Part 2 lesson 11 wiki

surmenok · April 10, 2018, 3:22am

I guess if we always use teacher forcing then the model will learn well how to predict the next word but will fail to learn to remember hidden state of the decoder for longer. E.g. if word #5 depends on word #1 then the model should learn to keep necessary info up to word #5 to be able to produce it correctly.

ravijain · April 10, 2018, 3:23am

According to the code, jeremy’s using encoder outputs weighted average as opposed to hidden states weighted average as a final hidden state used by the decoder?

fmichaelkunz · April 10, 2018, 3:25am

Comment / Digression: The German " Er lietbe zu essen " does indeed mean " He loved to eat" however, in spoken German, the passive form is more often used. Hence, if this was a spoken language translator (memory recalls), the person would need to say " Er hat zu essen geliebt." We would never pick that up from a text corpus.

surmenok · April 10, 2018, 3:27am

A similar, but probably more powerful, idea is to use beam search: get top N predictions for word1, then try to predict the word2 using all N word1guesses, get top N of every word2 predictions. By now you have N^2 pairs of word1 and word2 predictions. Then sort them by probability, reduce to N best options, predict word3 for each N options, …
This approach doesn’t have a drawback of using not the best prediction. At the same time it helps to avoid the case when some word in the middle of the sequence is predicted incorrectly and it screws up the rest of the sequence.

emilmelnikov · April 10, 2018, 3:27am

Why use tanh instead of ReLU in the attention mini-net?

Ducky · April 10, 2018, 3:28am

Where is the loss function for the attentional NN?

snagpaul · April 10, 2018, 3:29am

Could I think of attention as training a classifier for which words in ‘German’ map to which words in ‘English’?

ananda_seelan · April 10, 2018, 3:29am

It is learned along with the encoder-decoder. Hence the loss is the decoder loss I presume.

snagpaul · April 10, 2018, 3:29am

Loss is where the label is, so probably the same loss that we had before. No special loss.

emilmelnikov · April 10, 2018, 3:30am

I guess the attentional net is integrated into the seq2seq model, so it uses the same loss.

jonathanmist · April 10, 2018, 3:30am

Are the attention weights learned per word in the vocabulary or per word position?
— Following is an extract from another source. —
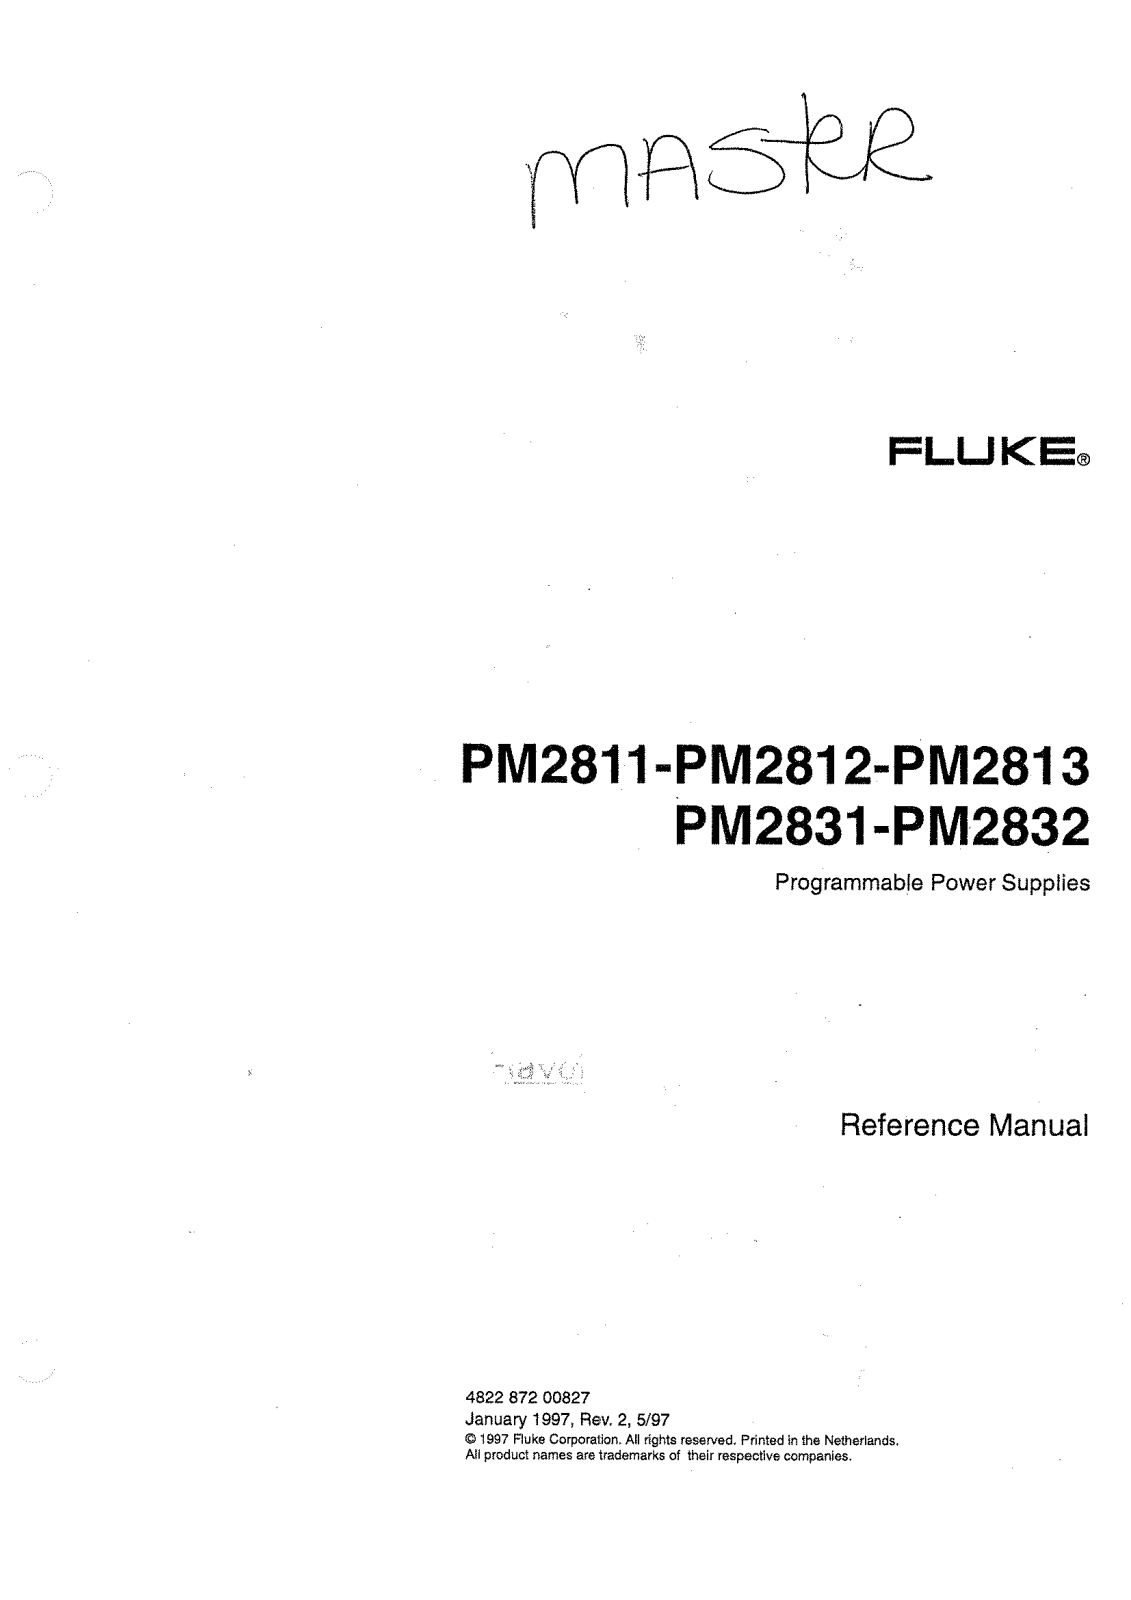 Fluke PM2832, PM2831, PM2813, PM2812, PM2811 Service Manual

narvind2003 · April 10, 2018, 3:30am

The loss fn is for the overall net (end-to-end) - the same reason we don’t have separate loss fns for each layer.

kmatsuda · April 10, 2018, 3:31am

For the softmax, does the width (number of classes) it outputs determines how many timesteps to weight over? If so, how wide is it?
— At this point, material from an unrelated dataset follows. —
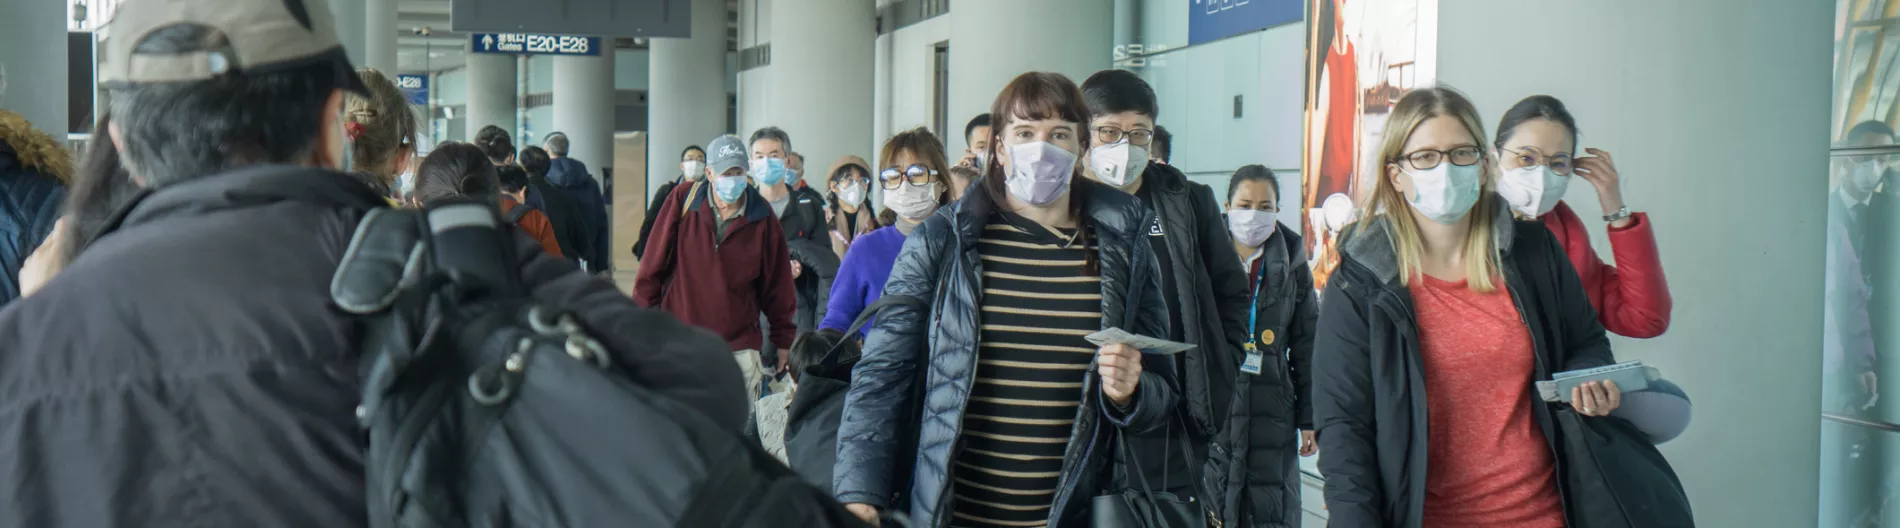 People traveling wearing masks

chunduri · April 10, 2018, 3:31am

Why accuracy is not measured here?

narvind2003 · April 10, 2018, 3:31am

how would you measure accuracy?

ananda_seelan · April 10, 2018, 3:32am

I highly recommend this brilliant talk[1] by Stephen Merity on the significance of attention and what it generally does to a network. Also he talks about regularization and AWD LSTM.

[1] - Stephen Merity, Attention and Memory in Deep Learning Networks, https://www.youtube.com/watch?v=uuPZFWJ-4bE&t=1261s

chunduri · April 10, 2018, 3:33am

I guess, by comparing those translations which are correct vs total

emilmelnikov · April 10, 2018, 3:34am

Check the BLEU score, it discusses how you can measure the translation “quality” without resorting to exact comparison (which is almost always too much to ask).

Ducky · April 10, 2018, 3:36am

So… there is no line of code which points out the weights, but it’s magic in Parameter which tells PyTorch “hey, this is part of the thing you need to optimize with the overall loss function”, I think.

Deb · April 10, 2018, 3:36am

Why do we call this end to end but not the previous one which differs by just couple of layers from the previous?